Nürnberger Zeitung, 25.04.2009

Flüchtlingsunterkunft Würzburg: Regierung wehrt sich gegen Vorwürfe

WÜRZBURG - In Bayerns größter Asylbewerber-Unterkunft in Würzburg herrschen nach Ansicht des Flüchtlingsrats katastrophale Zustände. Die Regierung Unterfranken wehrt sich gegen die Vorwürfe.

«Würzburg ist das schlimmste Lager, was ich bisher in Bayern gesehen habe«, sagte Tobias Klaus vom Bayerischen Flüchtlingsrat. Die Regierung von Unterfranken als Hausherr hat die Vorwürfe indes zurückgewiesen. «Die Menschen werden dort ordnungsgemäß untergebracht. Es ist nicht menschenunwürdig«, sagte Sprecher Johannes Hardenacke. In der Gemeinschaftsunterkunft, einer ehemaligen US-amerikanischen Kaserne aus den 1930er Jahren, leben etwa 450 Asylbewerber aus 35 Ländern.

Der Würzburger Stadtrat hatte sich bereits im März einstimmig dafür ausgesprochen, die Staatsregierung zu bitten, die Unterkunft kontinuierlich zu verkleinern. Ziel sollte eine Schließung sein. Sozialministerin Christine Harderthauer sagte nach einer Anhörung im Landtag den «ARD-Tagesthemen«, Würzburg sei ein Beispiel, «was zum Handeln auffordert«.

Ein Duschraum für 80 Personen

Nach Darstellung des Flüchtlingsrats sind die sanitären Einrichtungen in der Würzburger Unterkunft, die am Stadtrand direkt an einer vierspurigen Bundesstraße liegt, unzureichend. So müssten sich beispielsweise 80 Männer einen Duschraum teilen, sagte Klaus. Sechs bis acht Menschen lebten zusammengepfercht in kleinen Zimmern ohne Privatsphäre. Viele litten unter psychischen Krankheiten wie Depressionen.
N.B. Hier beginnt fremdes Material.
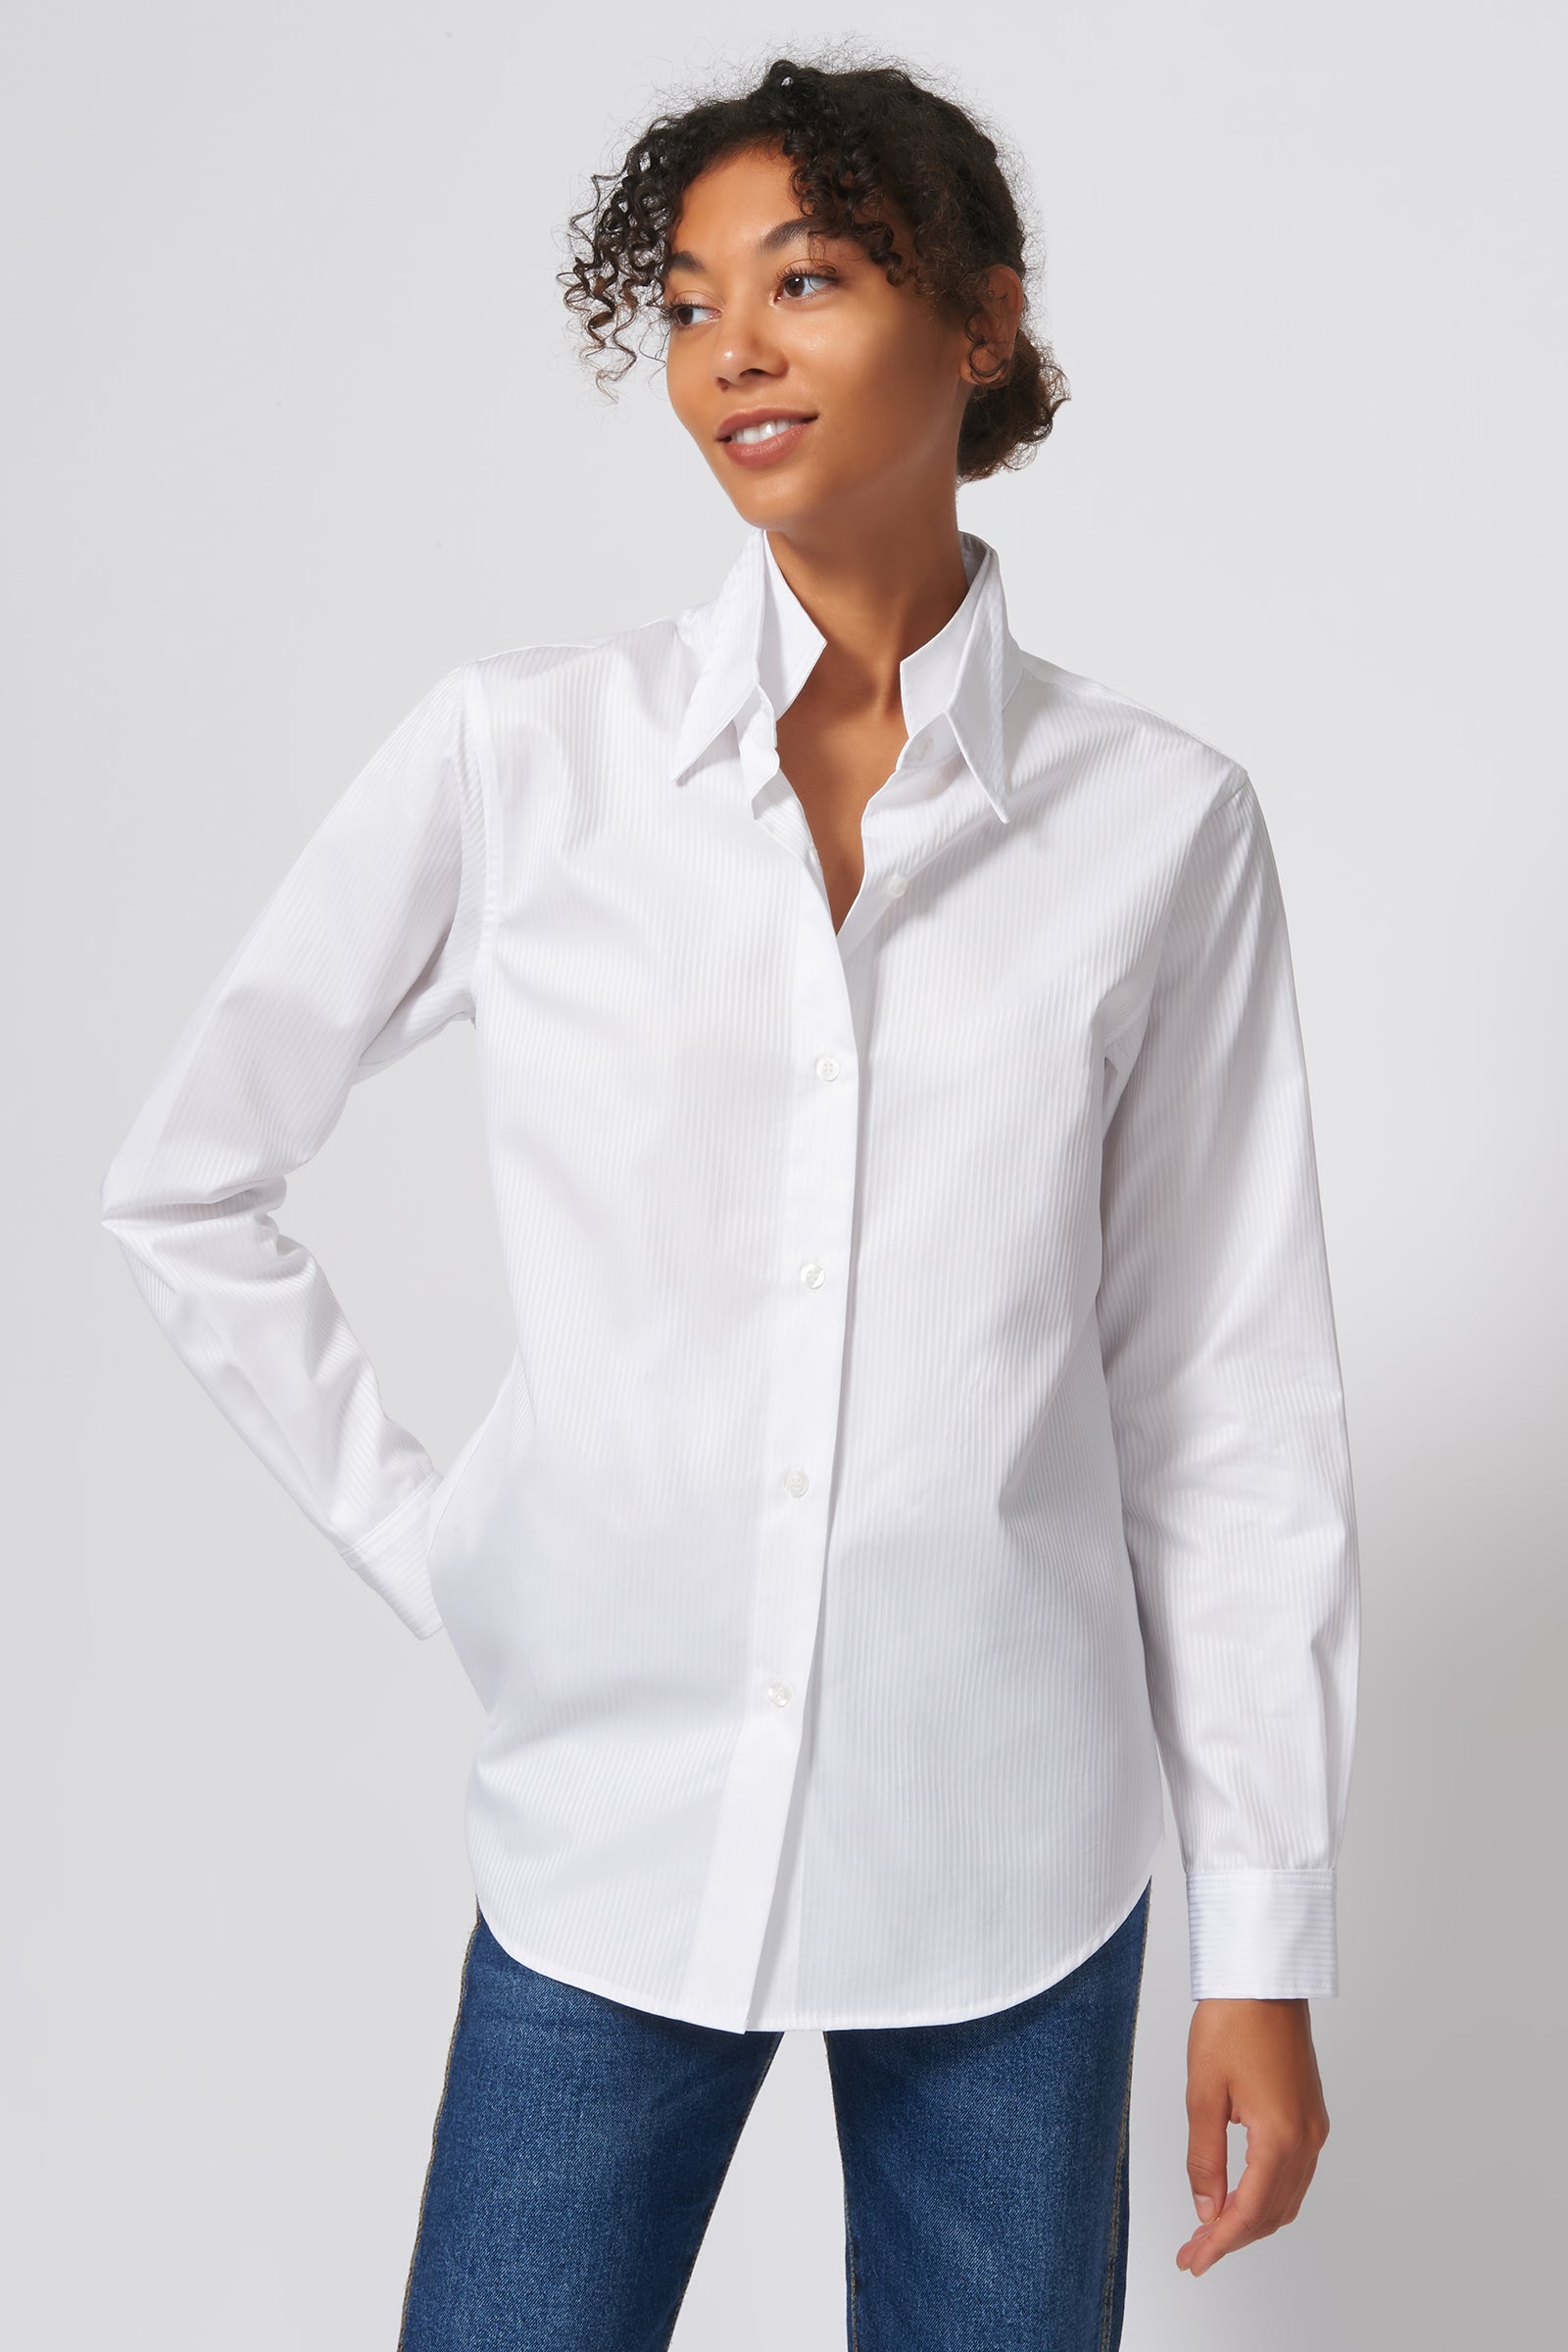 Double Collar Shirt - White Satin Stripe

Das Gelände ist Klaus zufolge mit einer zwei Meter hohen Mauer samt Stacheldraht abgeriegelt – «Gefängnis-Atmosphäre«, wie er sagte. «Die Leute sind zum Nichtstun und der Isolation verdammt.«

Regierungssprecher Hardenacke betonte: «Wir haben die Einrichtung bisher nach bestem Gewissen betrieben.« Die Unterkunft mit Platz für 700 Menschen sei aber kein «Luxushotel«. Mauer und Zaun stammten aus der Zeit, als die Amerikaner in der Kaserne lebten. «Die Leute können sich frei bewegen.« Etliche seien allerdings bereits seit Jahren in der Unterkunft, unter anderem, weil sie keine Papiere hätten, um in ihr Heimatland zurückzukehren. Sollte der Freistaat die Häuser schließen, sei unklar, wohin die Asylbewerber umziehen sollten.

Die Landesarbeitsgemeinschaft der Freien Wohlfahrtspflege in Bayern appellierte, die Asylbewerber maximal ein Jahr in einer Gemeinschaftsunterkunft unterzubringen. Danach sollten sie staatliche Hilfe zur Suche einer eigenen Wohnung erhalten.